The advantage of HVAE over other models becomes clear as data complexity increases (e.g., with datasets like CelebA and ADNI). This improvement may be attributed to HVAE's multiple stochastic layers of latent variables, which allow it to more effectively learn and retain the prior of the latent from the data distribution across composition cycles.
Figure 4: Qualitative evaluation of composition across all datasets/graphs. From left to right across all datasets:
(i) factual, (ii) null-intervention (reconstruction) (iii) 10 cycles of null-intervention
Effectiveness
We attribute HVAE’s superior performance in generating counterfactuals to the high expressivity of its hierarchical latent variables. This hierarchical structure enables HVAE to align closely with the underlying causal graph, allowing it to retain the semantic information of the original image while implementing the intended causal modifications effectively.
The rich representation of latent variables in HVAE not only preserves the original content but also allows for more accurate and nuanced manipulation of causal factors. This results in counterfactuals that are both effective and plausible, making HVAE a powerful tool for counterfactual generation.

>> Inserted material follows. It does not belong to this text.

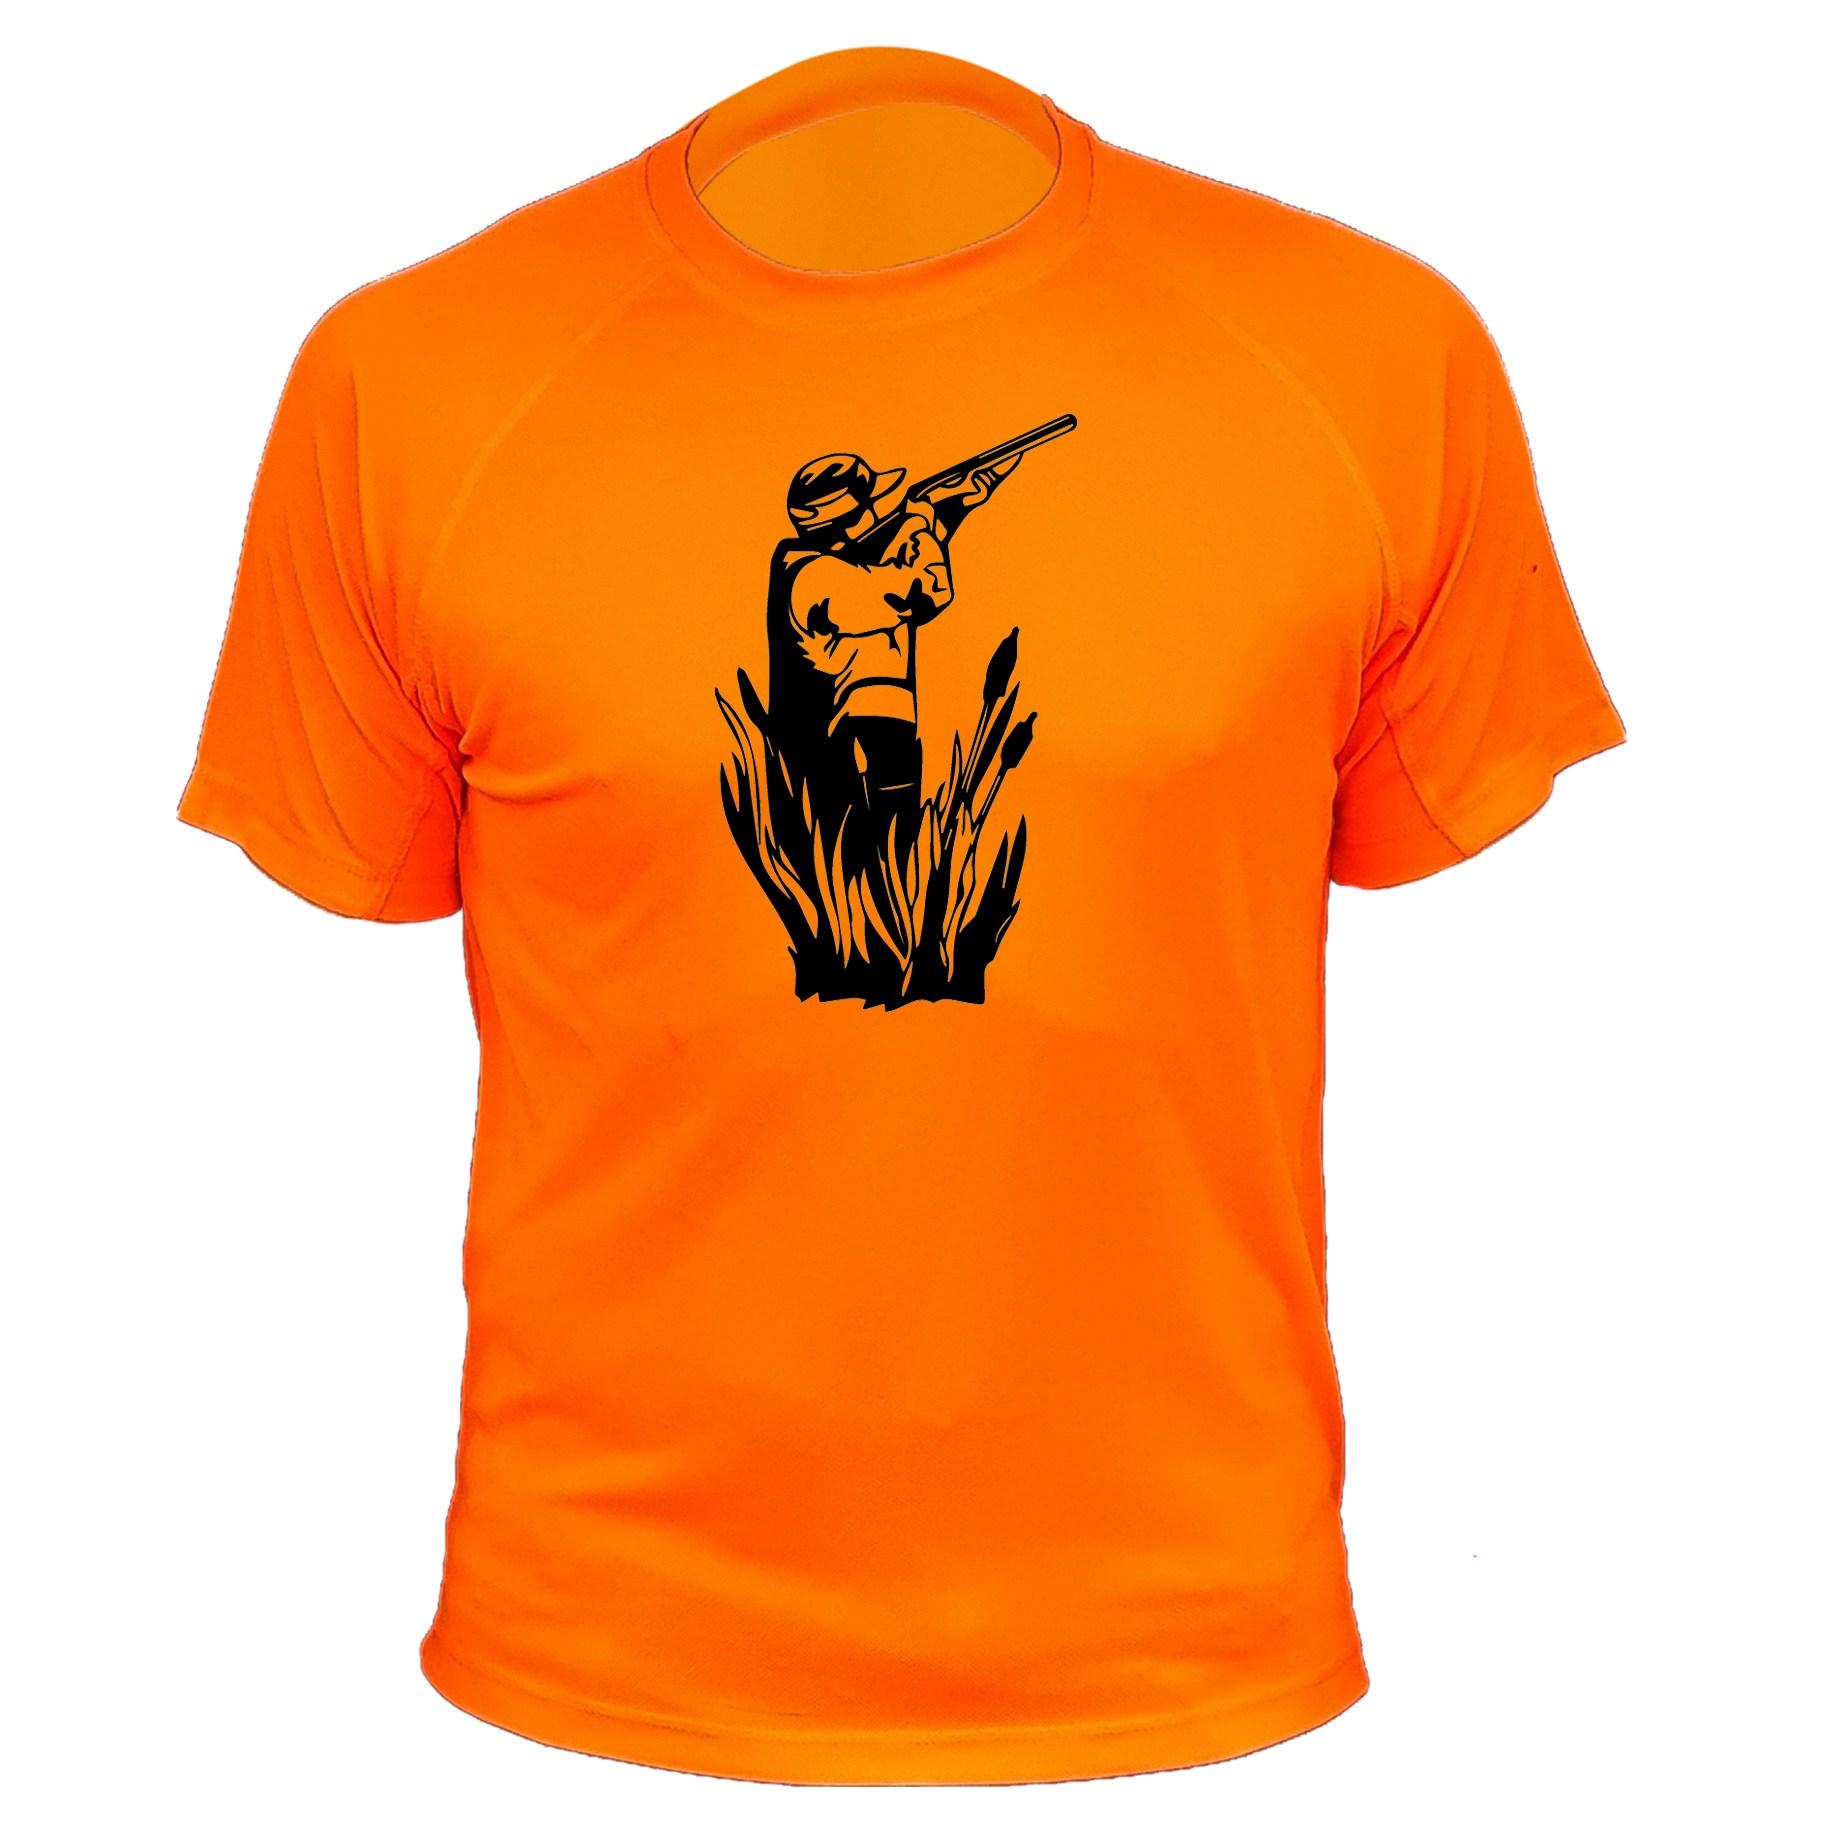 Tee shirt de chasse visuel du chasseur qui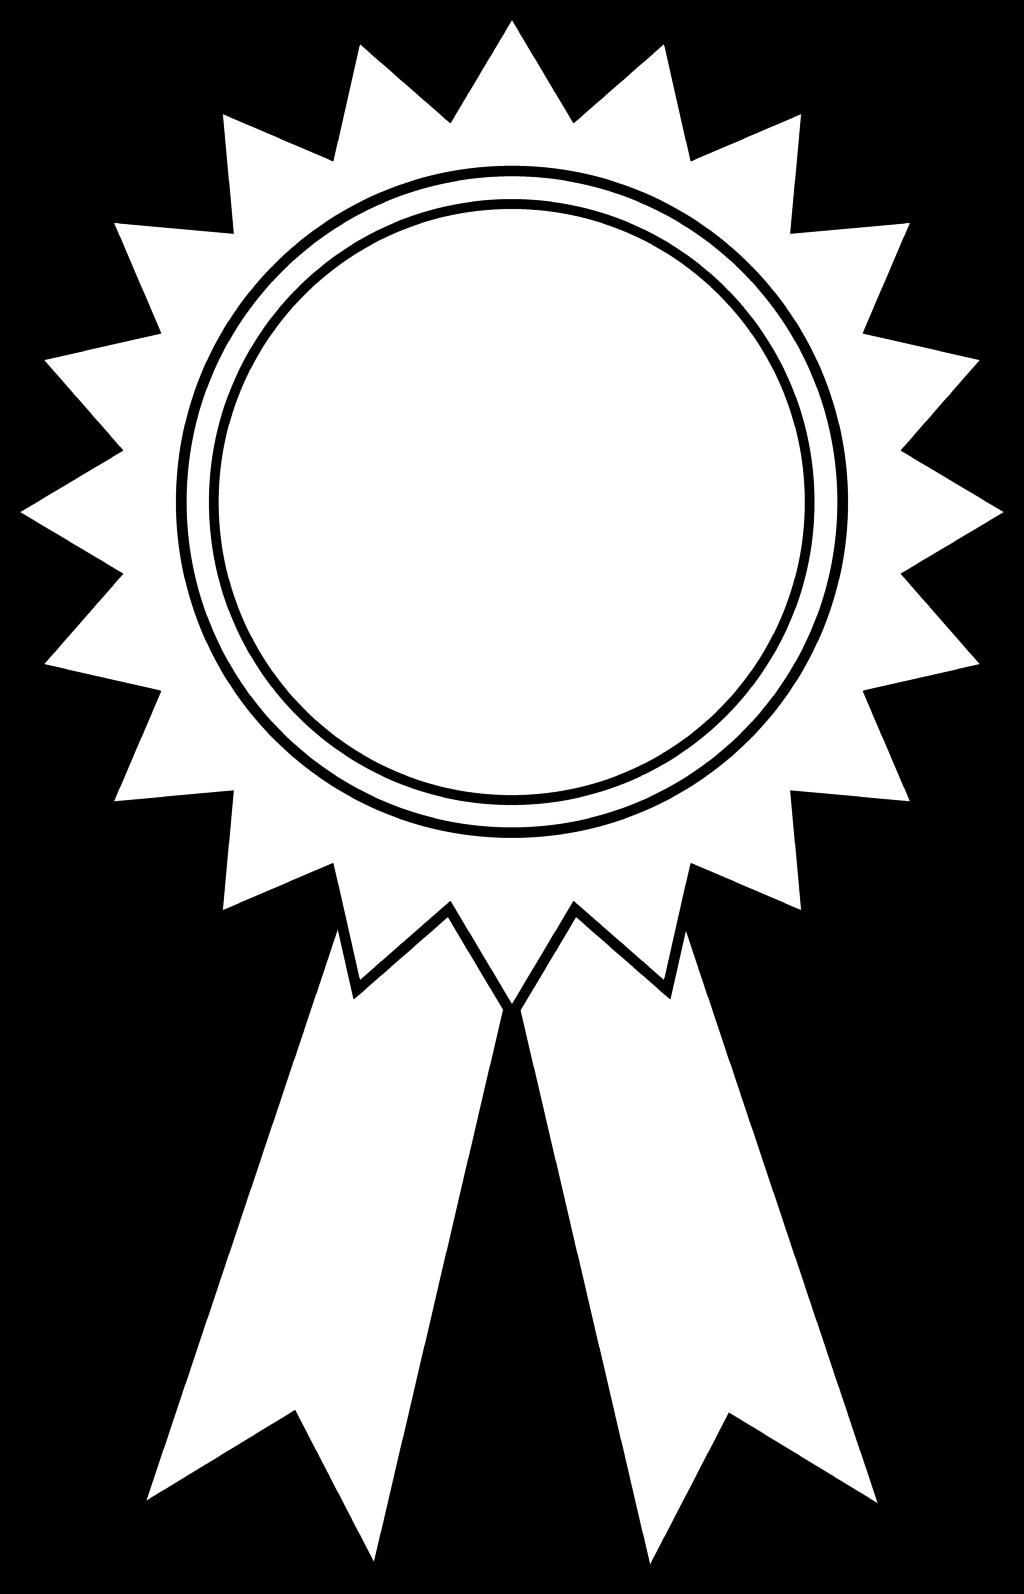 обоев медаль картинки для вырезания левой

Figure 5: Qualitative evaluation of effectiveness for all datasets/graphs. From left to right across datasets: the leftmost image is the factual one and then each column shows the causal counterfactual image after intervening on a single attribute.
v: volume; vent: ventricle; eg: eyeglasses.
Realism & Minimality
We found that HVAE generates the most realistic counterfactuals across most metrics and datasets, namely the ones closest to the original data distribution. Introducing more attributes to condition the HVAE (complex graph on CelebA) affected image realism, while GAN maintained good performance. The GAN model, while capable of generating realistic images, failed to achieve optimal minimality due to its lower ability to preserve factual details, compared to HVAE, which is also evident by the composition metric.